## [DESCRIPTION OF THE TASK]
Pictures stay out; print the rest of the listing below exactly as it stands.

[COLLECTED MATERIAL — start]

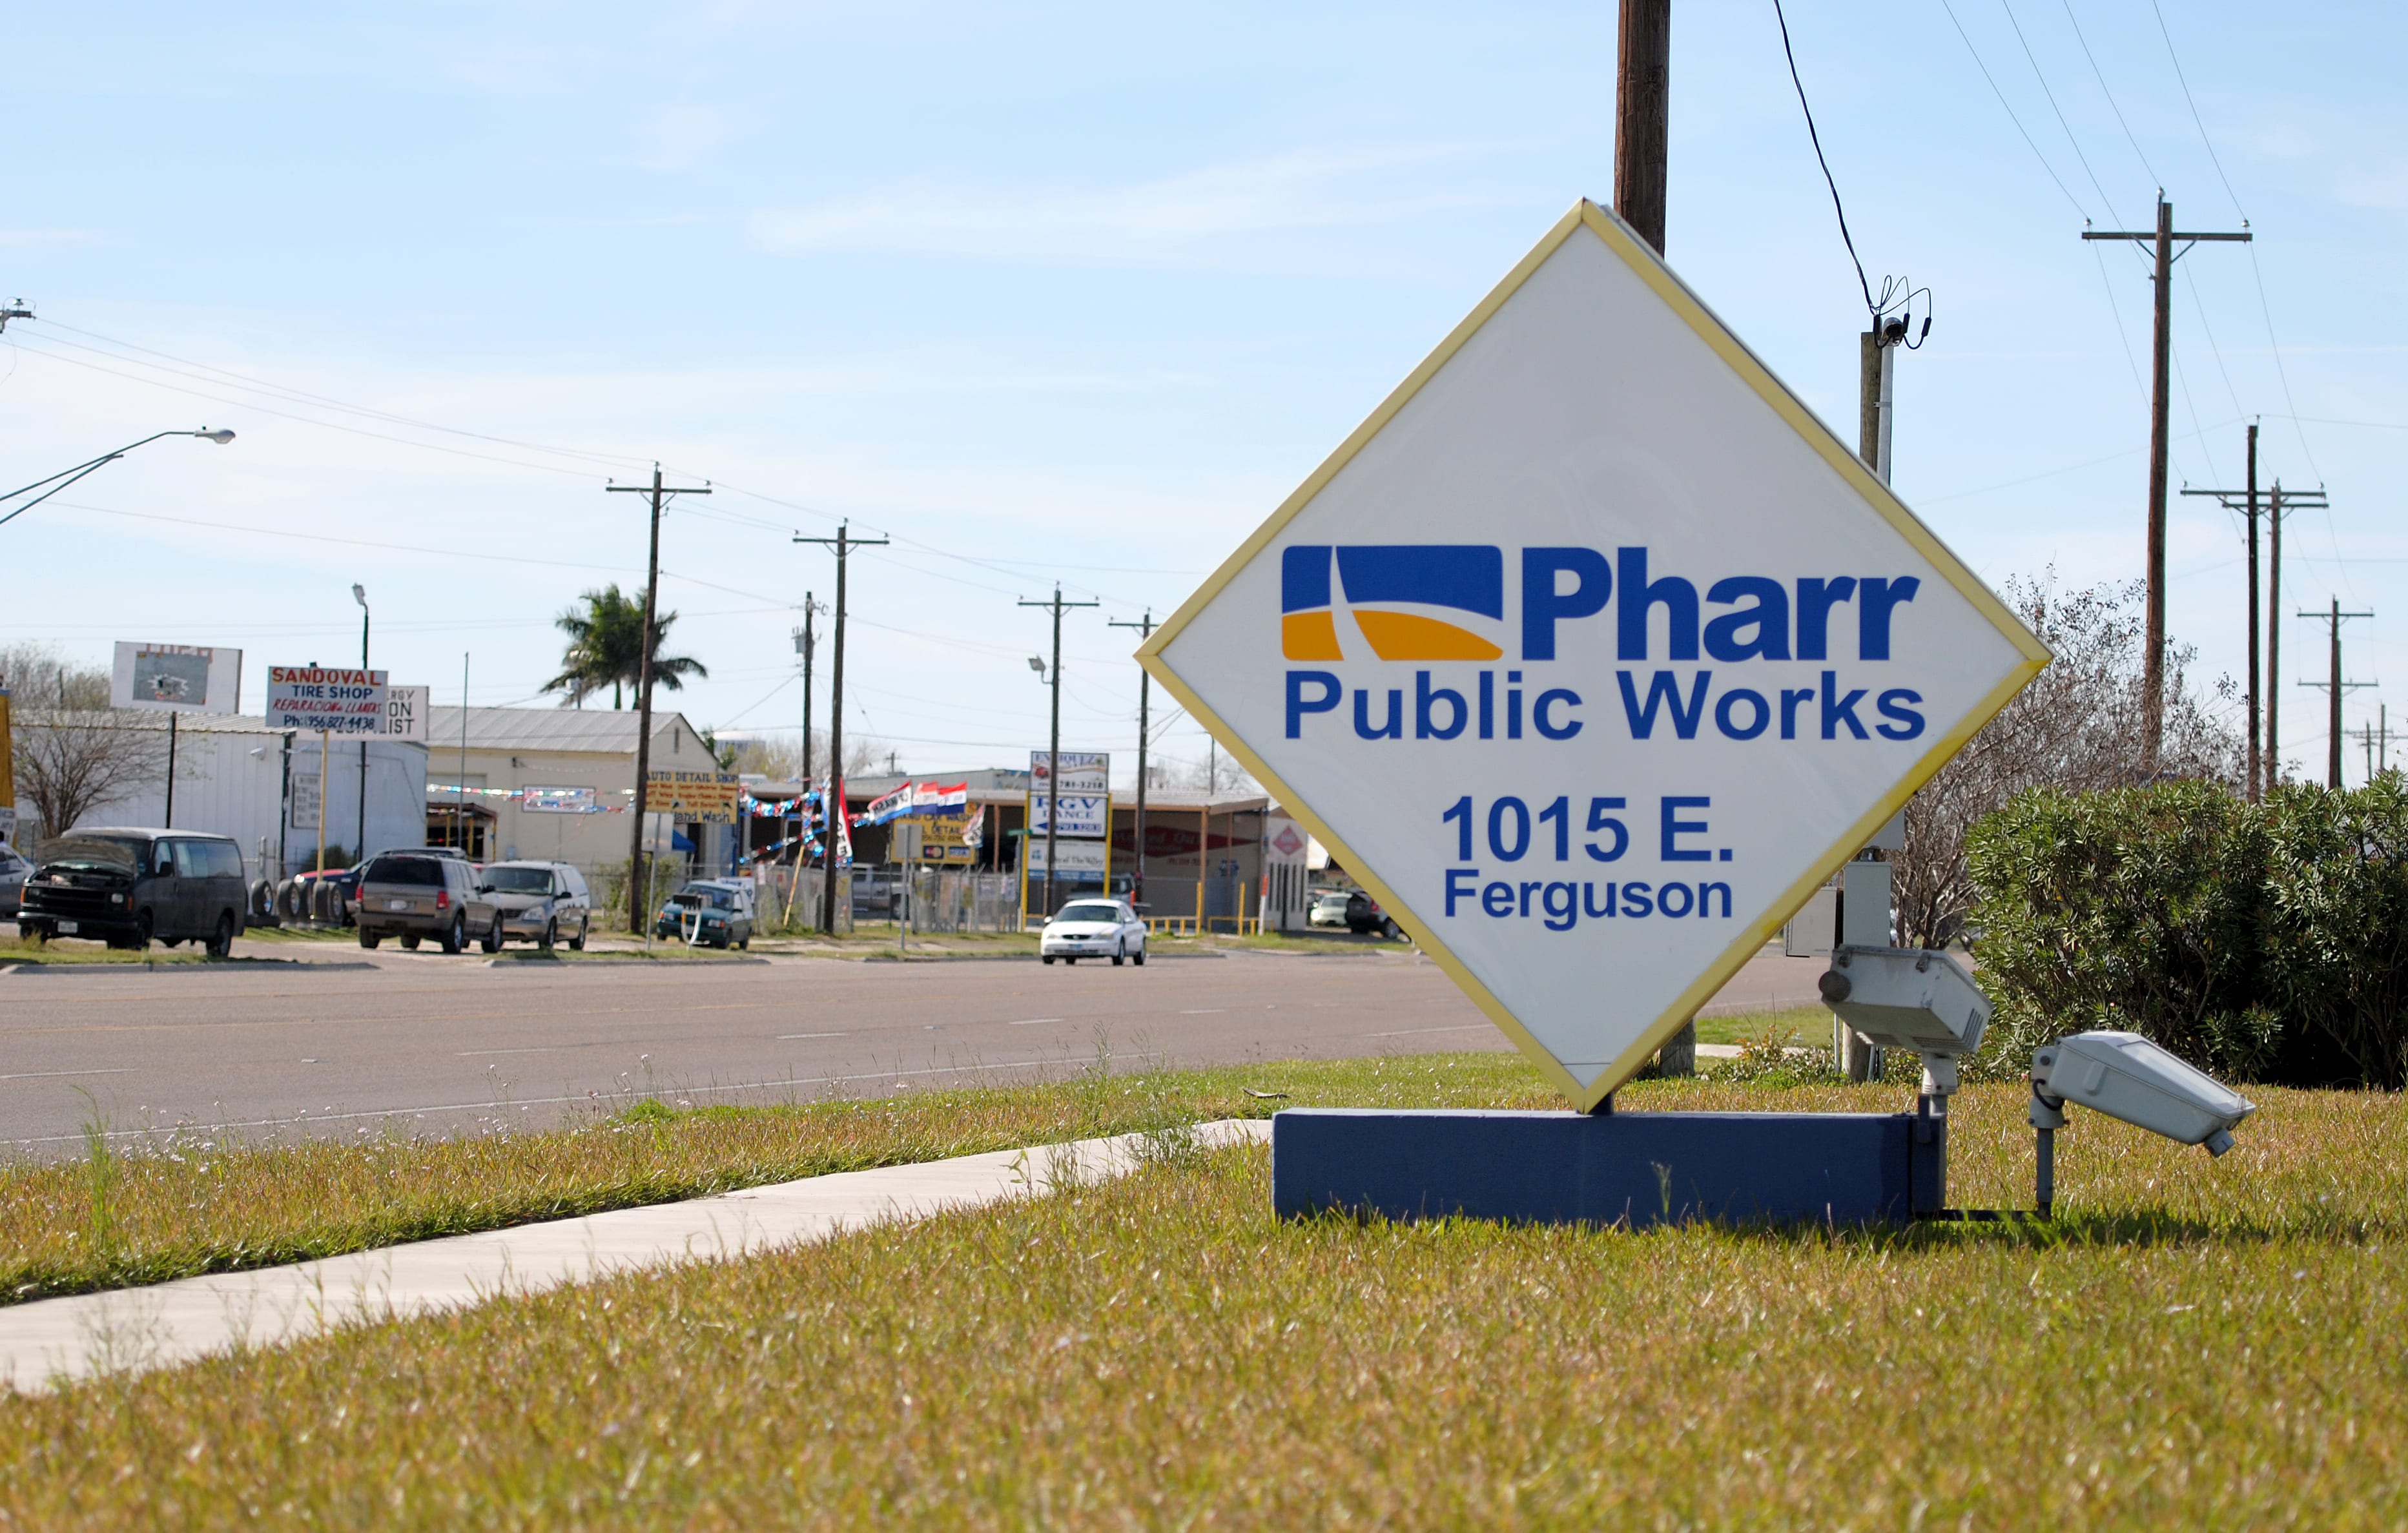 Pharr Public Works - 1015 E. Ferguson
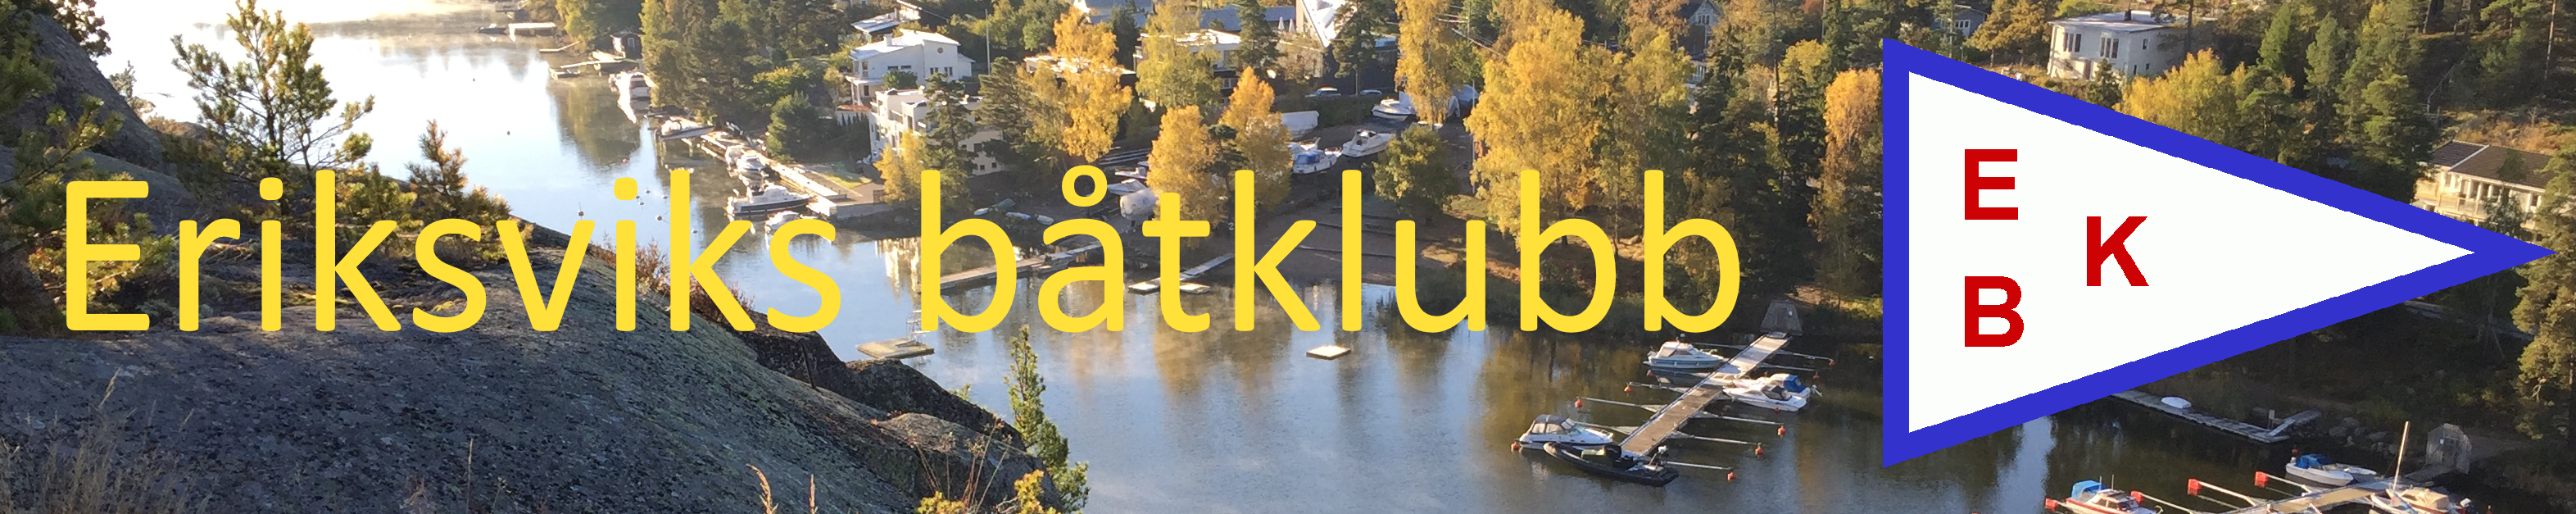 EBK – Eriksviks båtklubb
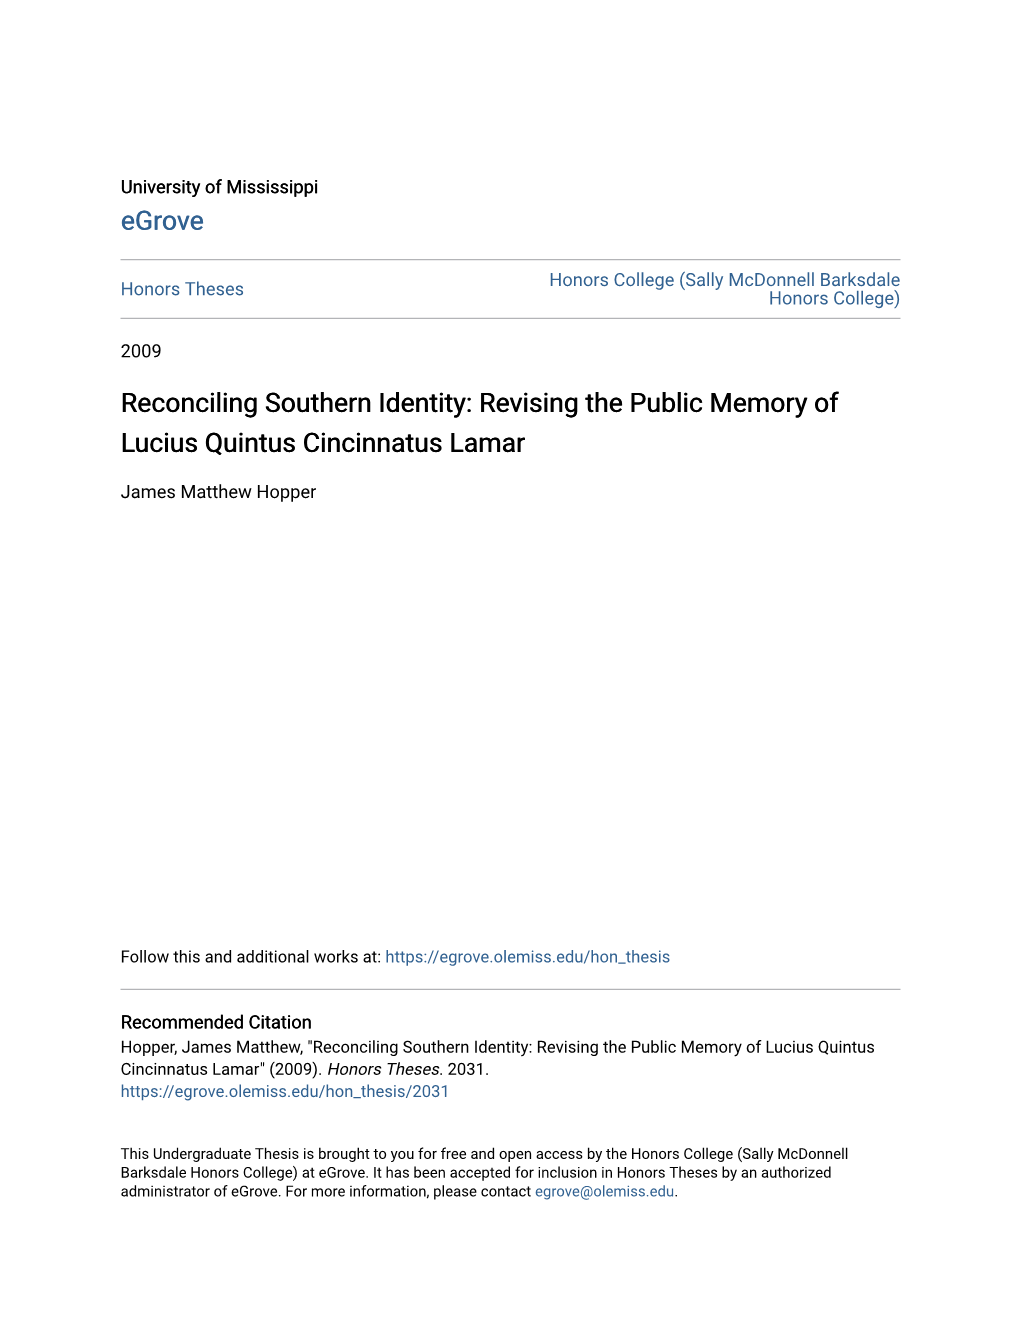 Reconciling Southern Identity: Revising the Public Memory of Lucius Quintus Cincinnatus Lamar
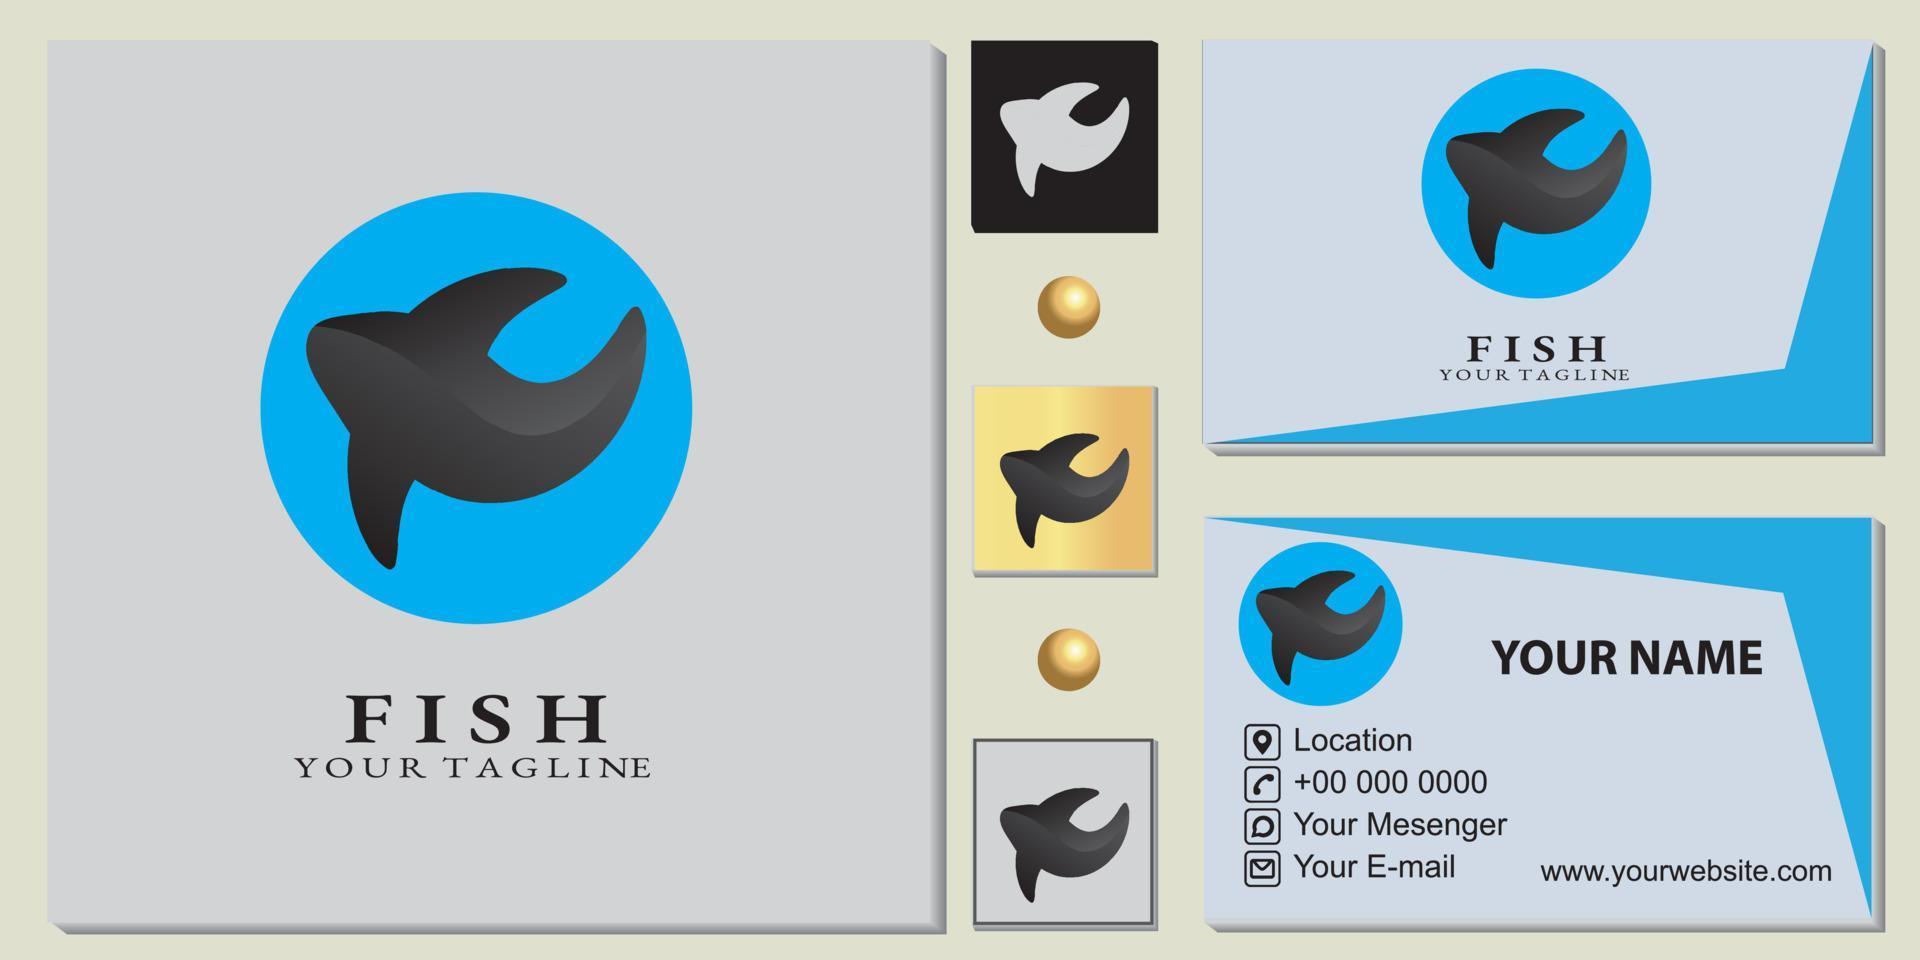 plantilla premium de logotipo de pescado simple con elegante tarjeta de visita vector eps 10

[COLLECTED MATERIAL — finish]

## [TASK OUTPUT]
 Pharr Public Works - 1015 E. Ferguson
 EBK – Eriksviks båtklubb
 Reconciling Southern Identity: Revising the Public Memory of Lucius Quintus Cincinnatus Lamar
 plantilla premium de logotipo de pescado simple con elegante tarjeta de visita vector eps 10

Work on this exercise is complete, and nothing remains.